We look forward to your valuable input.


----------



## waldrop

What kind of oil are u burning?


----------



## scottyk52

The burner is using regular home heating oil... Thanks


----------



## waldrop

Have changed source of fuel oil recently?


----------



## Dplghtg

Where is you'r point of detection is it in the core or it it a strap on aqua stat Core readings will give you a better reading to prevent surge.


----------



## scottyk52

Nothing has changed with the oil. The aquastat is a immersion type so i would believe it would get a accurate reading. It seems as though there might be some kind of high limit or something that i am missing:blink: To me it seems as if the water heater will satisfy at 150 and then once it cools off to 120 it kicks back on.


----------



## OldSchool

I could tell you what to do but I would give you enough information to make you dangerous....

Oil is way different than gas... so unless you are trained for it you would be better off letting somebody that knows work on it.


----------



## vinpadalino

scottyk52 said:


> I'm having trouble with water temperature settings on a John Wood oil-fired water heater. The original problem was 150 degree water even with the aquastat turned all the way down. So i installed a new aquastat and set the water temperature to 125. Now the problem is, if the tank sits unused all day it maintains the 125 degree water but when its being used and the water heater fires it doesn't satisfy until the water is in the 150 degree range again. This happens whether i have the dial set to the 125 range or to the lowest setting. It is noticed most when someone is showering and the heater fires and produces extreme temperatures.

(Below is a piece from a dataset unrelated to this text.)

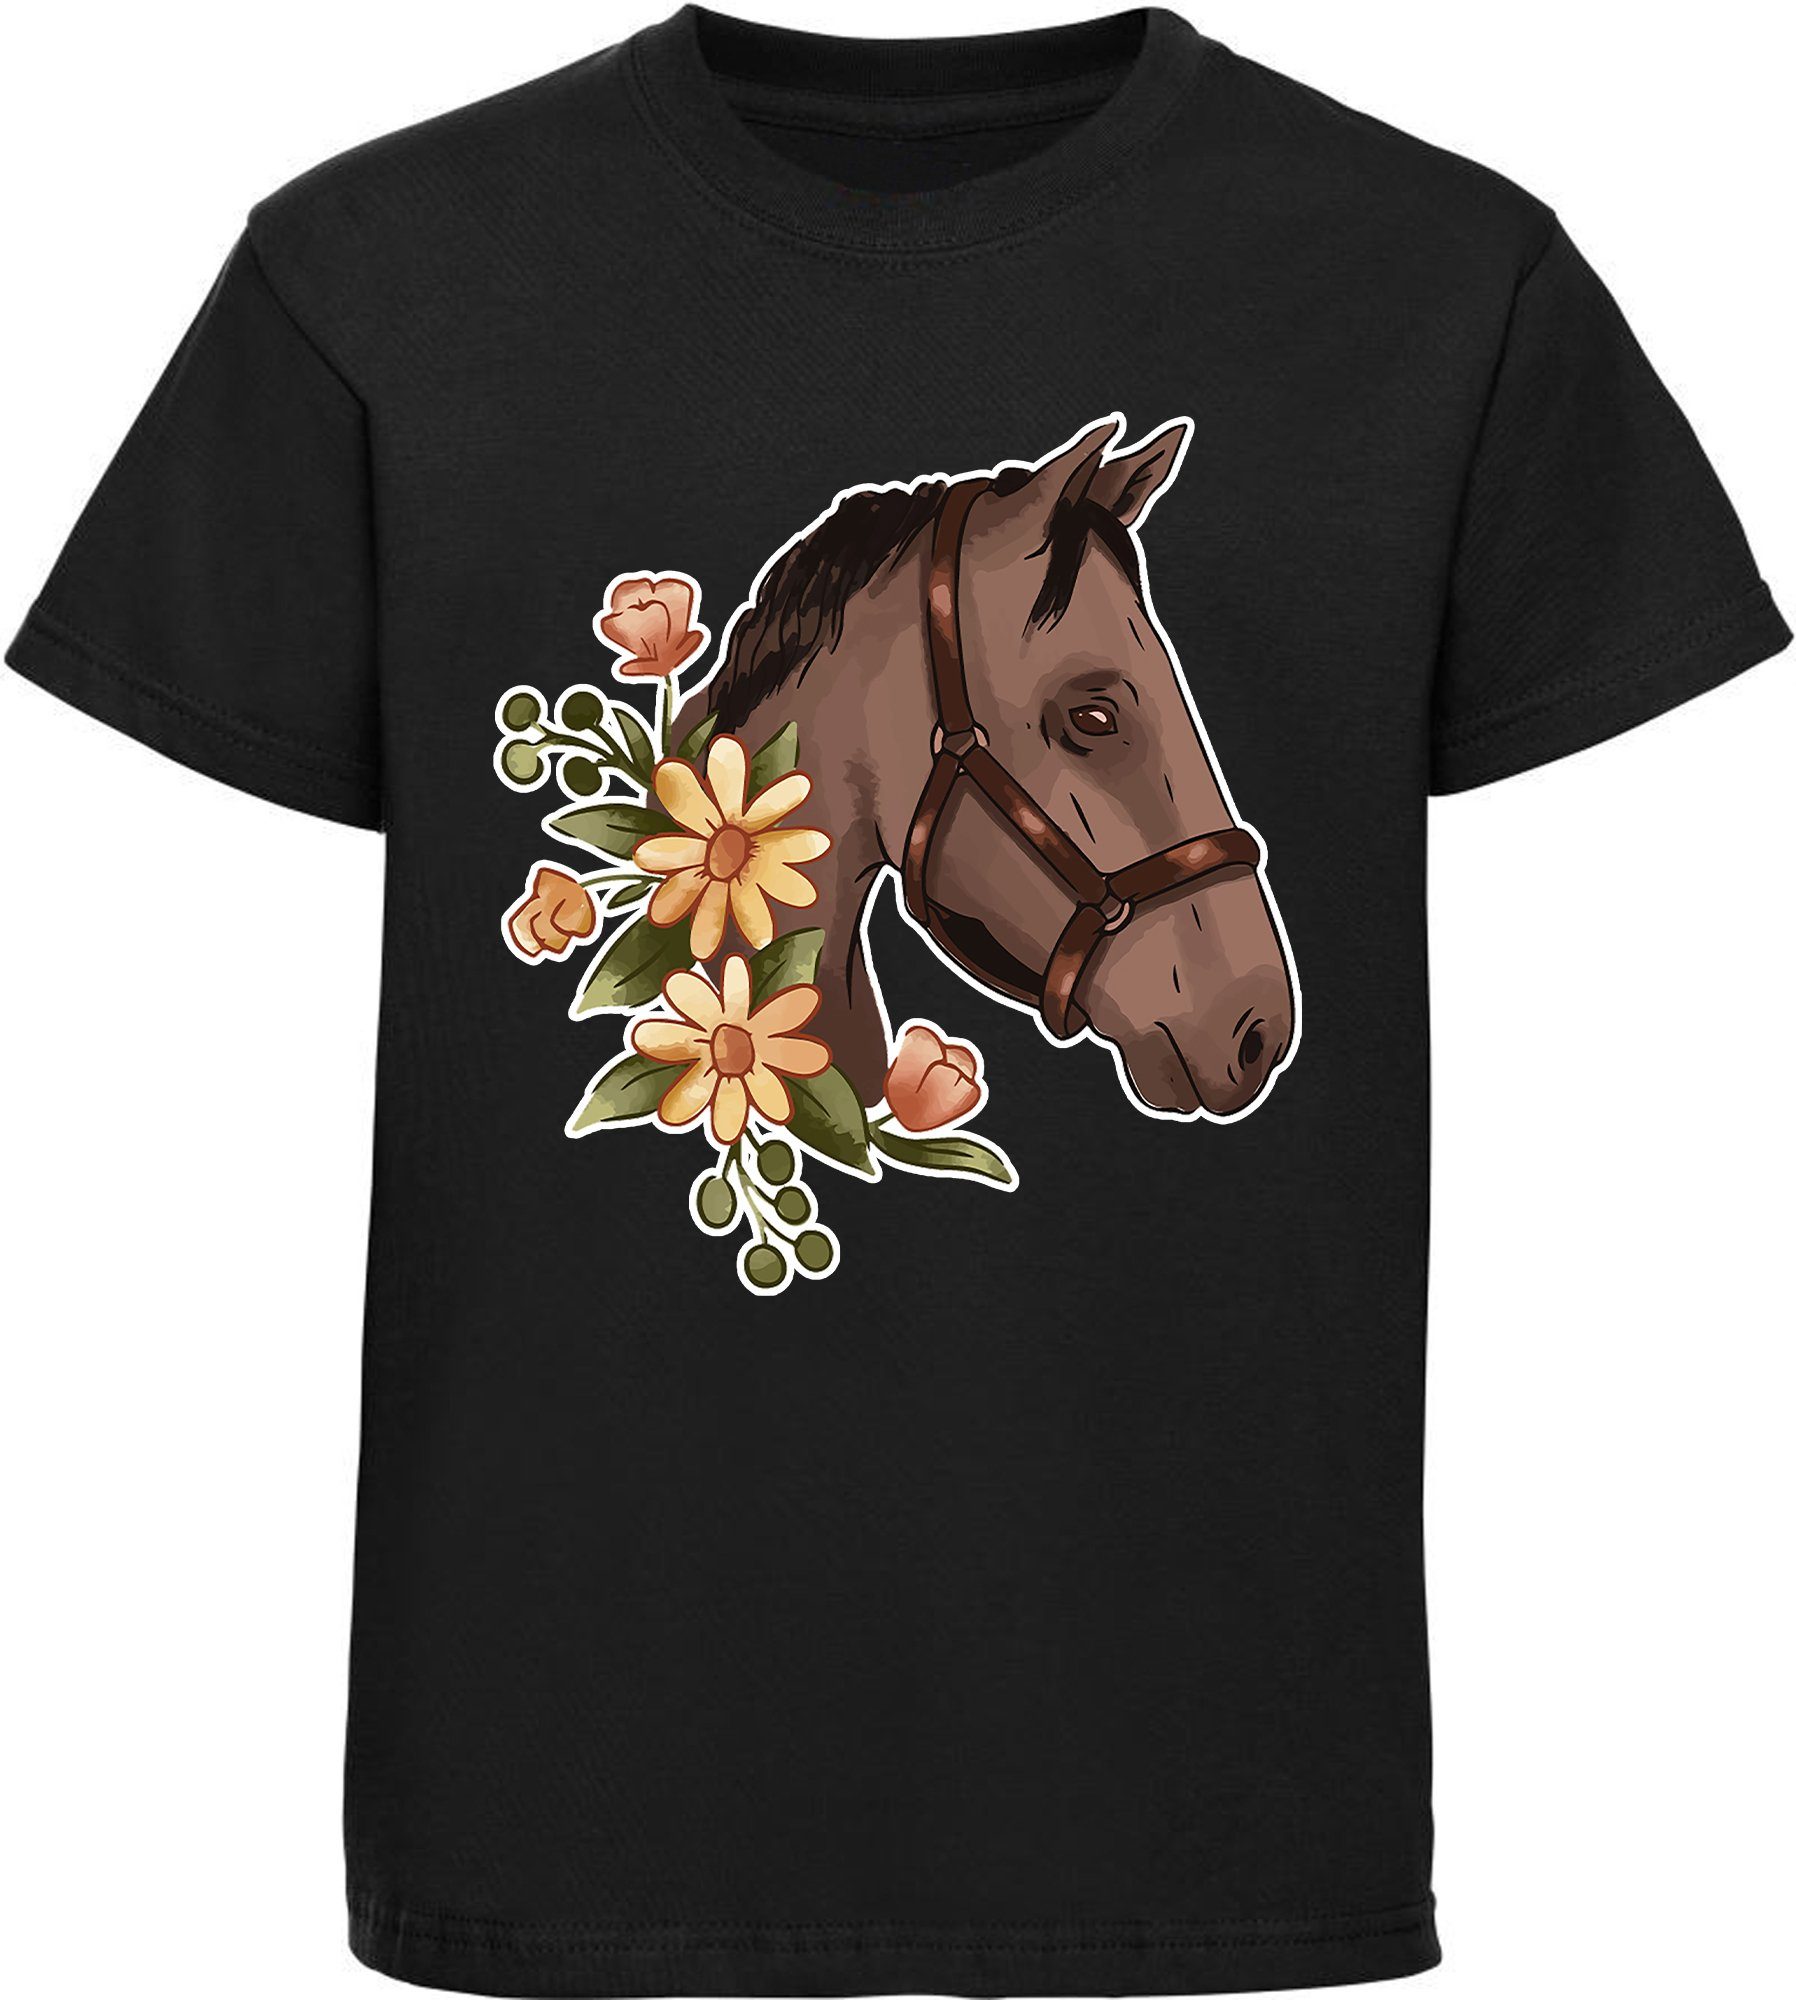 Print-Shirt Aufdruck, Blumen Baumwollshirt mit schwarz - mit Mädchen bedrucktes MyDesign24 i180 Dunkelbrauner T-Shirt Pferdekopf

I don't have much experience with oil-fired water heaters as most home around here have gas. Does anyone have any ideas what could be causing this??


There's a fixed differential on aquastats(10-25 degrees). Is the water heater have a lot of crap built up on the bottom of the tank? If it's such a problem install a tempering valve.


----------



## scottyk52

Installing a tempering valve is my next option but i was just baffled on why there is such a difference in temperature. I understand there would be some difference in temperature due to the aquastat readings but just didn't think there would be a 20 degree jump.


----------



## vinpadalino

scottyk52 said:


> Installing a tempering valve is my next option but i was just baffled on why there is such a difference in temperature. I understand there would be some difference in temperature due to the aquastat readings but just didn't think there would be a 20 degree jump.


Thats the only control for the temp. How old is the unit? Did you get the right control? Are you in the trade? Were do you live?


----------



## scottyk52

The unit is from 2005. We did not do the original installation. Yes i have my master lic. and all employees are Massachusetts Licensed. I replaced aquastat with same model that was installed with original installation.


----------



## vinpadalino

What size nozzle is in the unit?


----------



## scottyk52

Pretty sure its a .65 nozzle. I was hoping it was just a dial adjustment that i wasn't seeing. This isn't really my area of expertise. I figured it might be a common thing burner techs came across:blink: I will be installing a tempering valve for the safety of the child in the house anyways. I just wish i could have come up with a better explanation. Thanks for your help!!


----------



## Redwood

Soooo anyway what aquastat are we talking about?
Honeywell 4081L.... ?:whistling2:


----------



## scottyk52

yes its the 4081. are they known to have problems???


----------



## vinpadalino

I would take the well out. Check for mineral build up. And flush it out. I've seen water heaters go in 5 years due to bad water. ( Check the hardness, PH, Iron) 
If that well is covered with mineral build up it will throw off the temp.


----------



## scottyk52

The water heater is on a well water so i checked for mineral build up around immersion well . This style aquastat is immersion type so it's all clean and getting direct contact with the water.


----------



## vinpadalino

scottyk52 said:


> The water heater is on a well so i check for mineral build up. This style aquastat is immersion type so it's all clean and getting direct contact with the water.


No way! When you took aquastat out did water come out? Are you a home owner?


----------



## RealLivePlumber

:laughing:
I think you got him on the water well, and the immersion well. 

Good detective work, Vin.


----------



## Redwood

scottyk52 said:


> yes its the 4081. are they known to have problems???


No, But if you have the L4081A1023 or, L4081B1047 models you have an adjustable differential of 10 - 25 Degrees F some of the other models have a 10 Degree F fixed differential...

Check your settings....


----------



## scottyk52

Vinpadalino. no i'm a not a homeowner. Just have never dealt with this style aquastat before. Realliveplumber yes water would have come out if tank was not drained. Take a look at the honeywell 4103a1019. To get a better understanding before chiming in. I'm also pretty sure i know the difference between a well and a immersion well :thumbsup: Redwood i'll take a closer look to see if its adjustable. Thanks !!
*
*


----------